Вот таким вагонным изгоем Рыков и ездил. И почти всегда теперь, уже проснувшись, он какое-то время еще лежал с закрытыми глазами: реабилитировался жалко. Мол, спит он, и спит – засвидетельствуйте! – совершенно без храпа – может, как видите, он и так! Как будто таким образом получалось разбавлять время храпения «сном» беззвучным, мнимым.
Что же делать, коль природа храпа такова: почему-то человек не слышит собственного свистящего, завывающего, громоподобного храпа. Удивительно даже! Напротив – знал Рыков, – самый сладкий храп приходит с самым сладким сном.
А еще и выпить в дороге теперь из-за того было нельзя!.. Иногда Рыков все-таки «отлетал по беспределу», не особо скупясь в вагоне-ресторане. Чтоб не маяться грядущей ночью искренними переживаниями и совершенно напрасными стараниями сдерживания храпа. Он заваливался тогда на свою полку замертво и без оглядки: гори оно все огнем – нехай слушают!

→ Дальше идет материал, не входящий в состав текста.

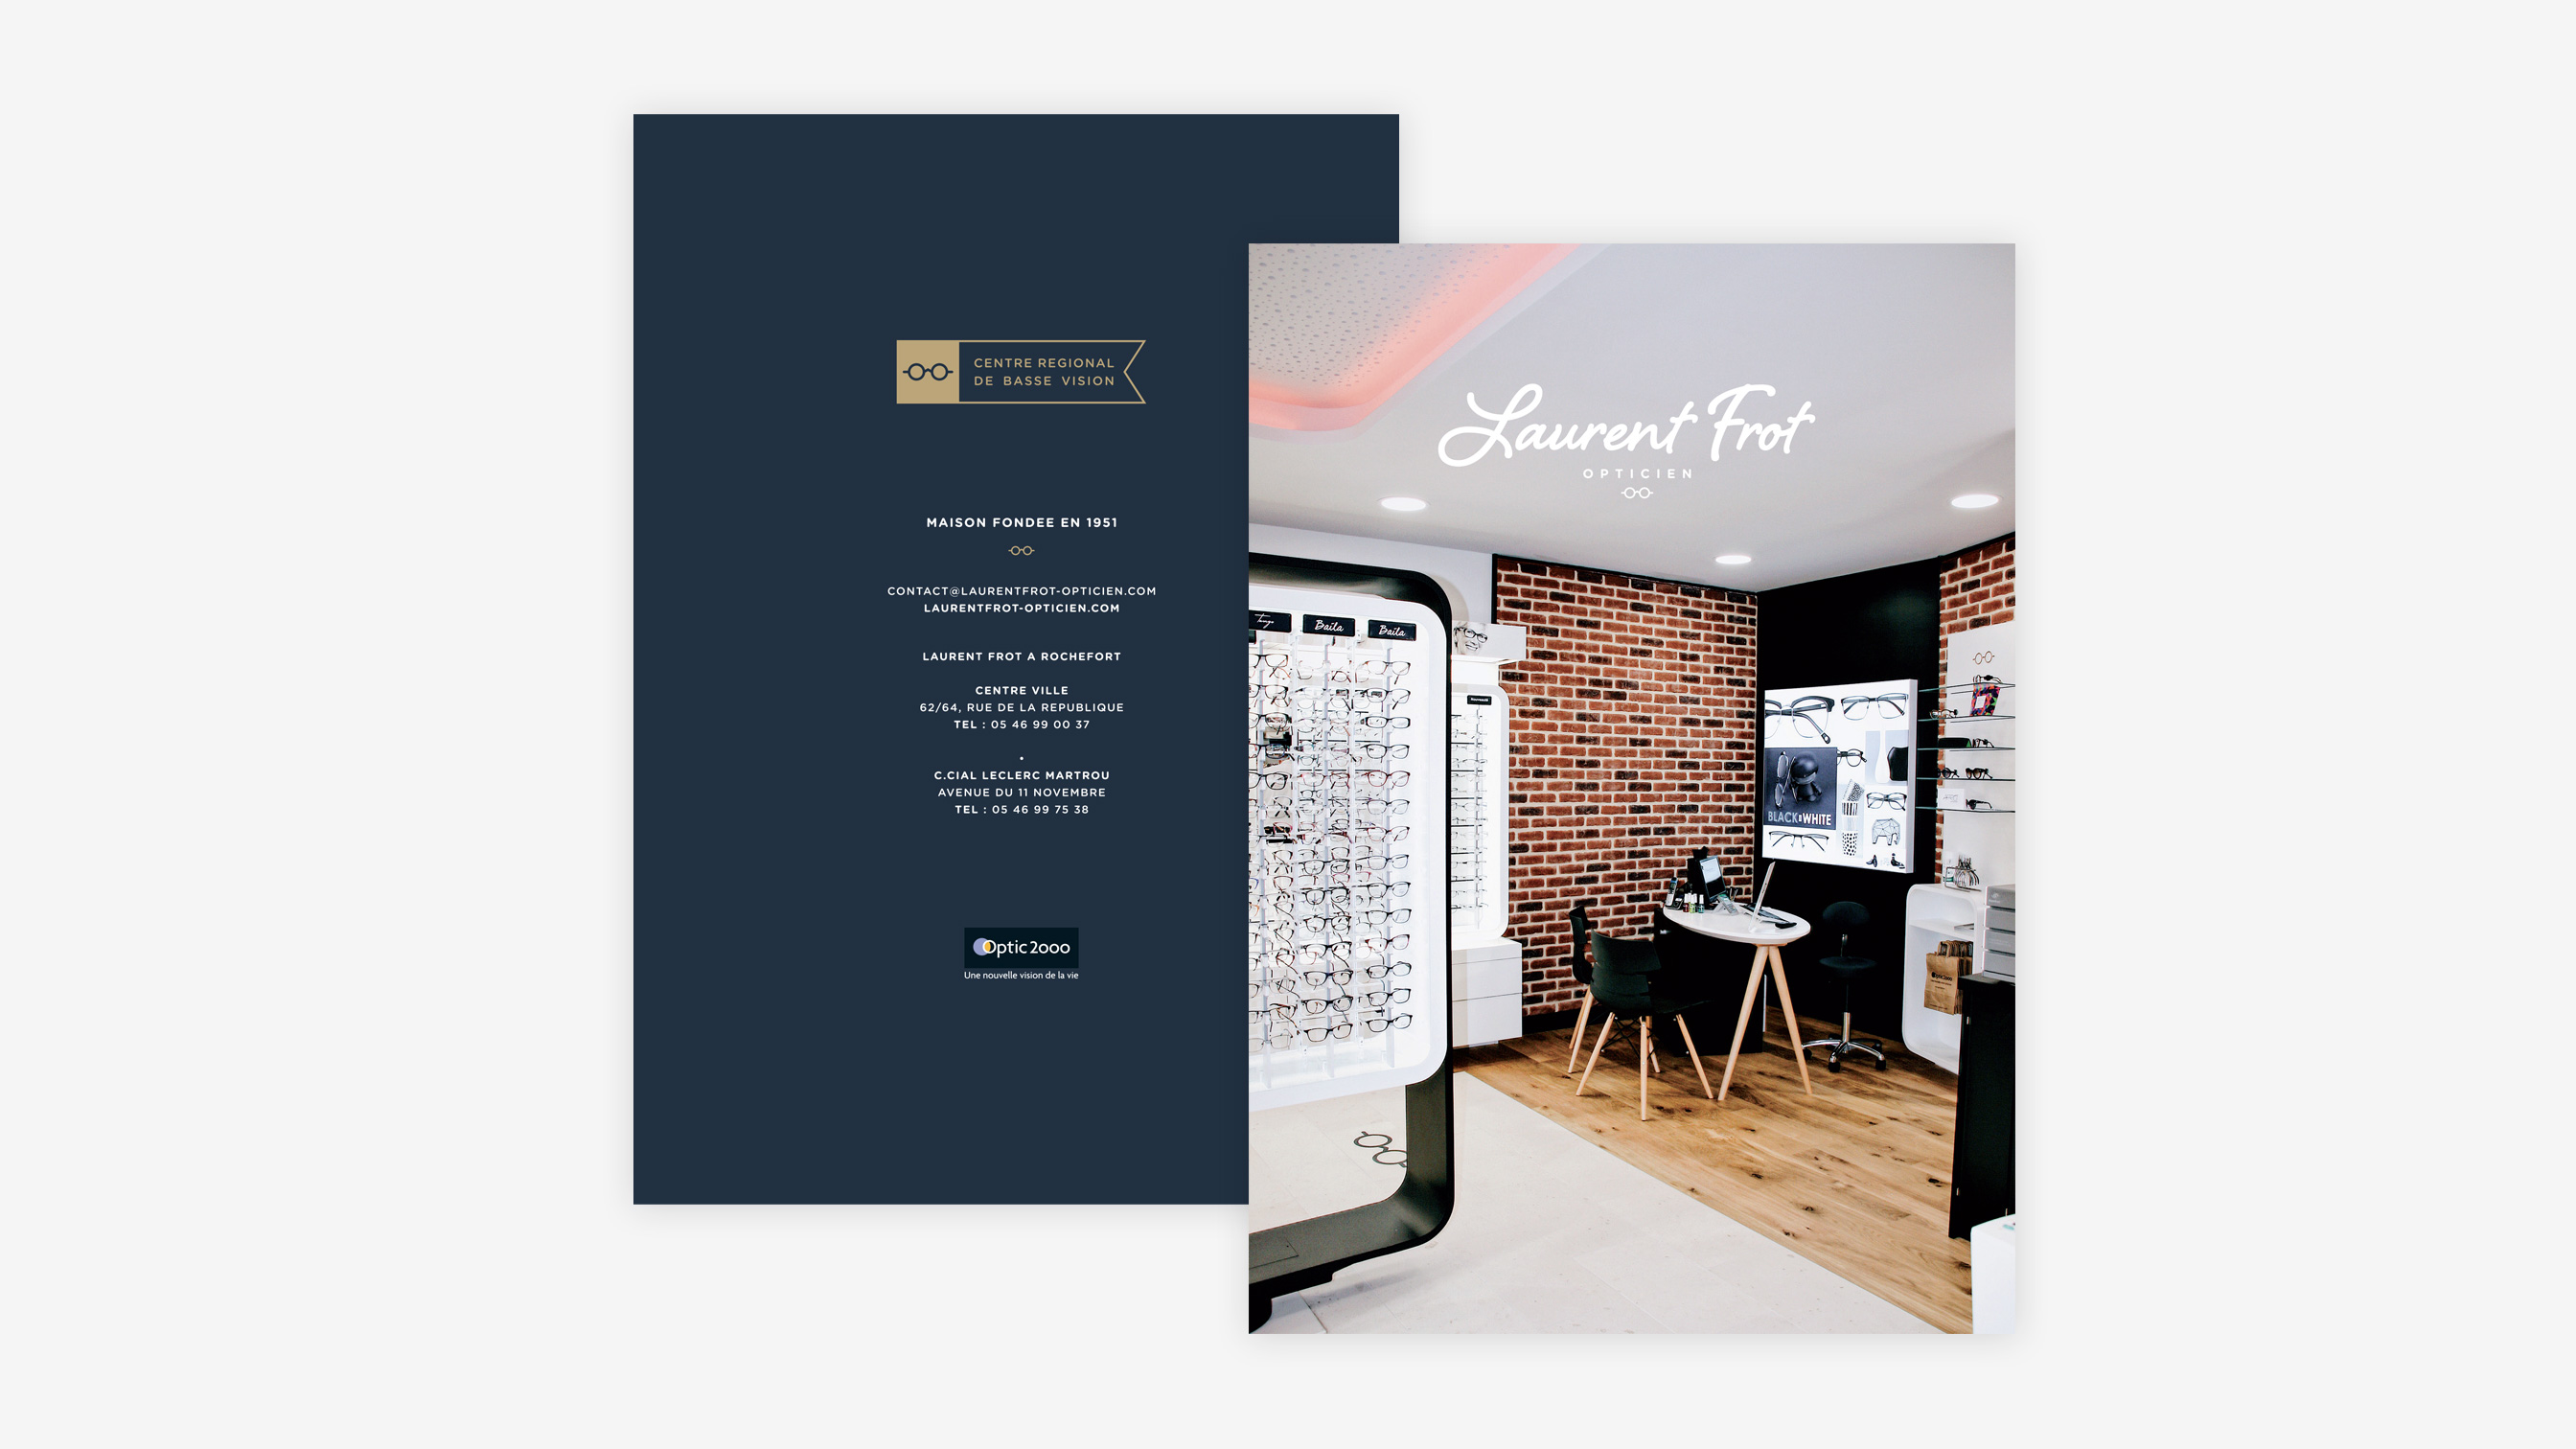 09-laurent-frot-opticien-pikteo-webdesign-graphic-design-freelance-paris-bruxelles-londres

Выручали Рыкова порой другие «сверчки» – иногда их было несколько по вагону, но тогда уже какая-нибудь бессонная тетя негодовала прямо в ночи: «Ну, невозможно же спать – и оттуда храпят, и оттуда!»
Как-то так: правдами – неправдами, перегонами – полустанками… Да, не позабыть бы: стоянок поезда – особенно долгих – Рыков боялся особенно. Во внезапно выдававшейся тишине могучий храп слышался отчетливейшим образом, и каждый проходящий по вагону подышать – покурить мог в глаза увидать злостного нарушителя общественного сна.
В общем, тяжко было Рыкову ездить теперь: в молодости-то не особо он своим недостатком морочился.
Но в конце пути, когда поезд, весело поспешая, нес уже по родимой стороне, и в вагонном окне мелькали знакомые местечки, леса и поля, Рыков все же неизменно принимал решение ж и т ь. Жить, работать, творить, любить! Пить горячий, в самый спозаранок, кофе в спящем вагоне, предвкушая уже залитый солнцем перрон и скорое свидание с родными – наконец-то он увидит их лица после трехнедельной разлуки! И в трудах и заботах нового дня, и всех дней будущих, которые щедро дарует ему всепрощающее Небо, заочно искупать невольный грех бессонных ночей, что доставил он в этом пути добрым людям…
Люди! Ездите смело на поездах РЖД – безопасном и удобном виде транспорта: вероятность попадания в один вагон с Рыковым так ничтожно мала, что не поддается никакому исчислению!